Franz Kafka was German-speaking Bohemian novelist and short-story writer, widely regarded as one of the major figures of 20th-century literature. He was born into a middle-class, German-speaking Jewish family on July 3, 1883 in Prague, Bohemia, Austria-Hungary (presently the Czech Republic). He trained as a lawyer and after completing his legal education was employed full-time by an insurance company, forcing him to relegate writing to his spare time. Over the course of his life, Kafka wrote hundreds of letters to family and close friends, including his father, with whom he had a strained and formal relationship. He became engaged to several women but never married. He died in 1924 at the age of 40 from tuberculosis.

Kafka's unique body of work is regarded as one of the most influential in Western literature, despite the fact that much of it is incomplete and was mostly published posthumously.
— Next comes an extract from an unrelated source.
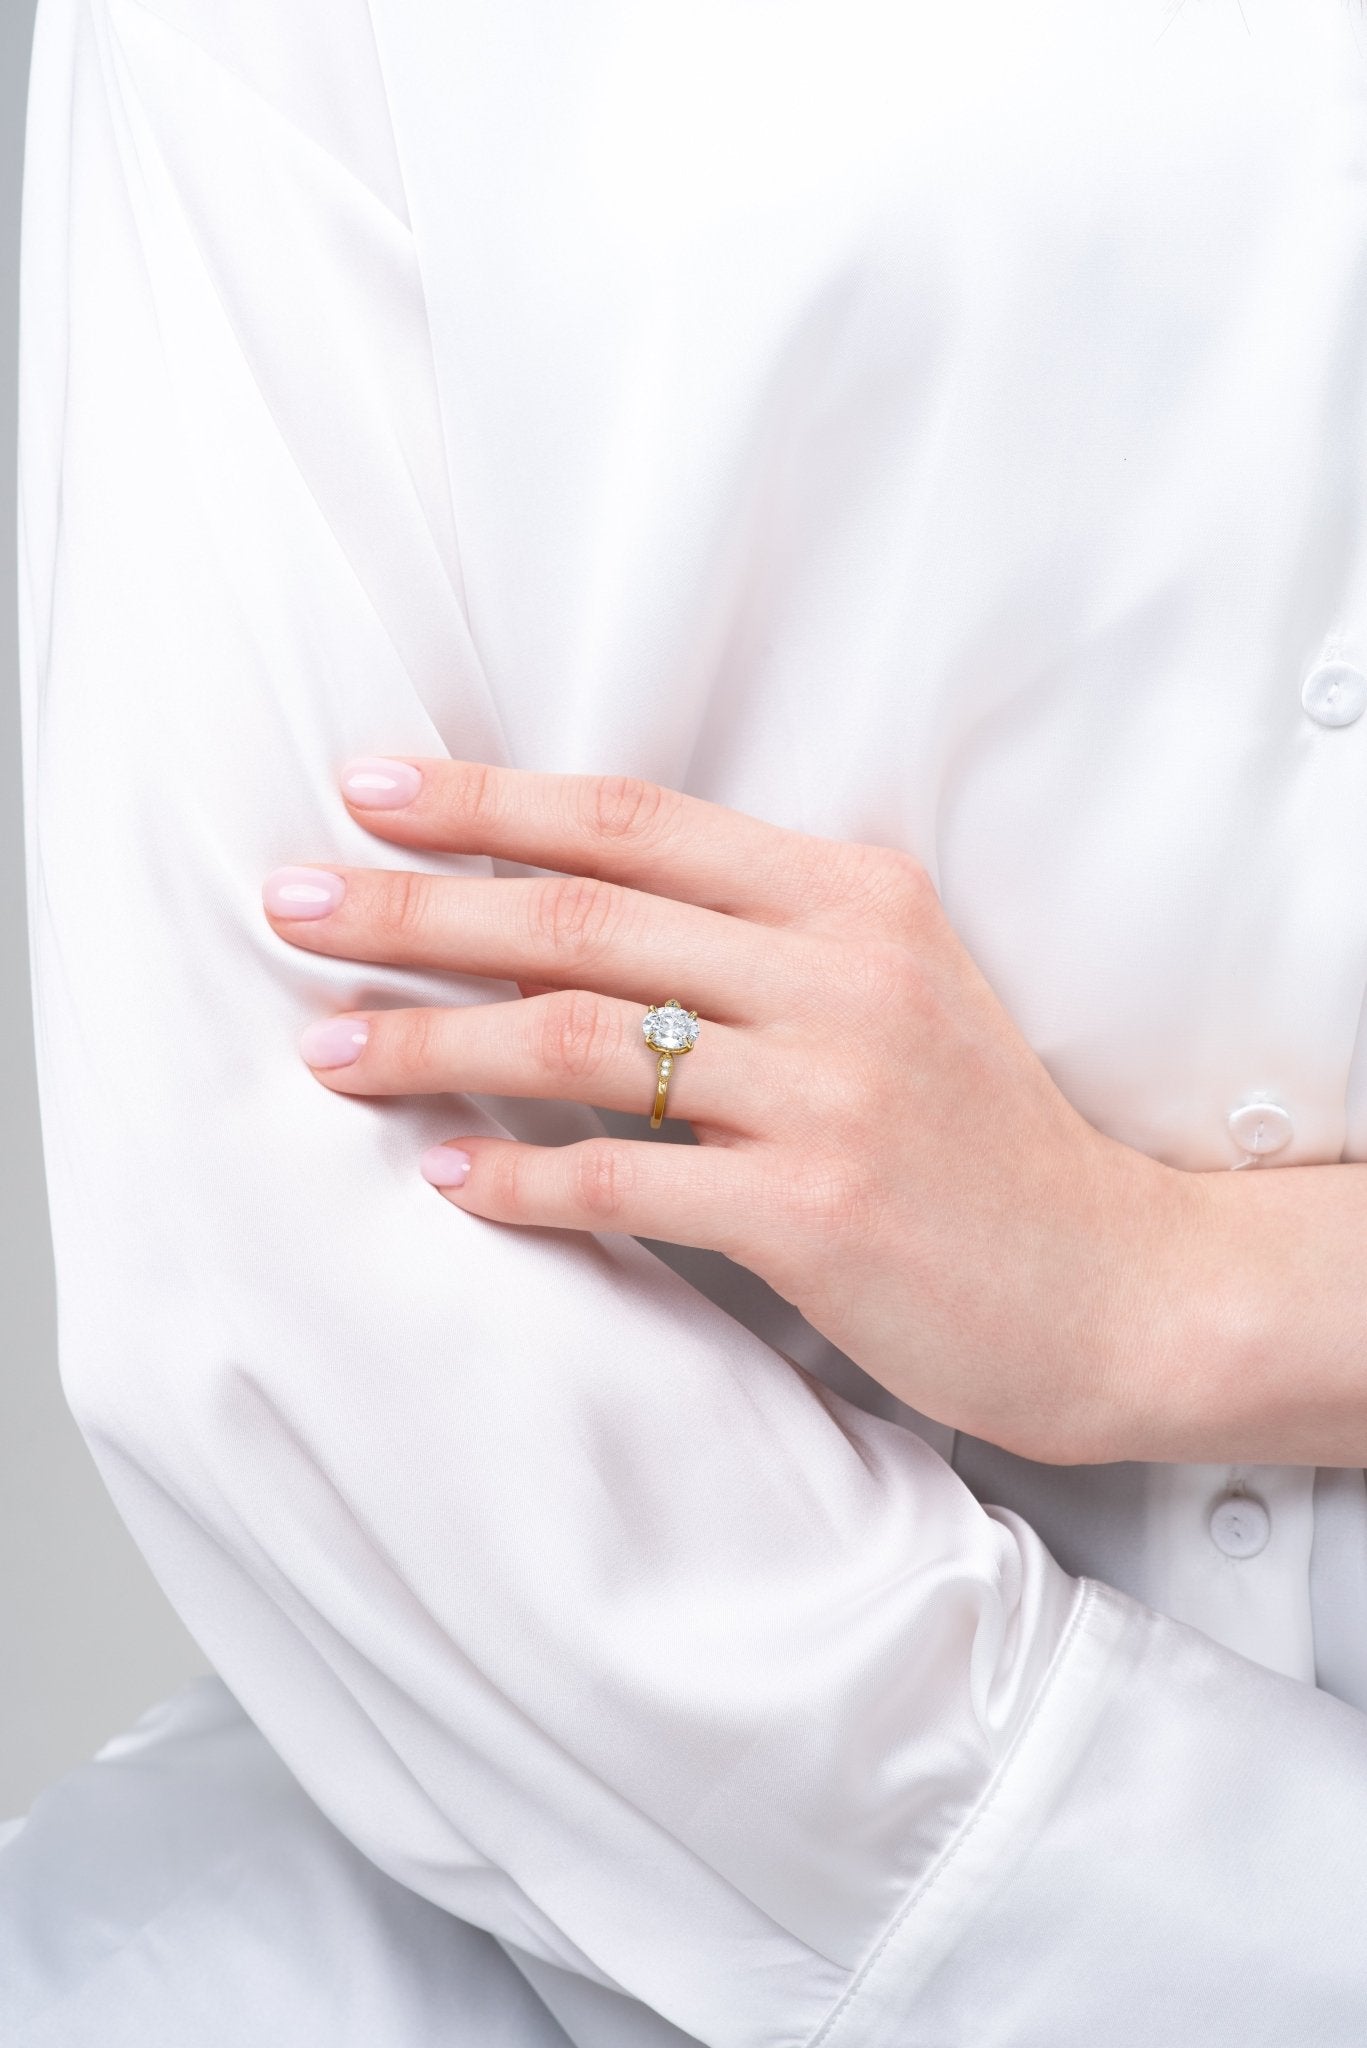 Oval Cut Diamond Engagement Ring - The Harmony RingLVII Fine Jewelry

His work fuses elements of realism and the fantastic. It typically features isolated protagonists facing bizarre or surrealistic predicaments and incomprehensible socio-bureaucratic powers. It has been interpreted as exploring themes of alienation, existential anxiety, guilt, and absurdity. The term Kafkaesque has entered English to describe situations like those found in his writing.

His stories include "The Metamorphosis" (1912) and "In the Penal Colony" (1914), while his novels are The Trial (1925), The Castle (1926) and Amerika (1927). All of Kafka's published works, except several letters he wrote in Czech to Milena Jesenská, were written in German. Kafka's first language was German, but he was also fluent in Czech. Later, Kafka acquired some knowledge of the French language and culture; one of his favorite authors was Flaubert.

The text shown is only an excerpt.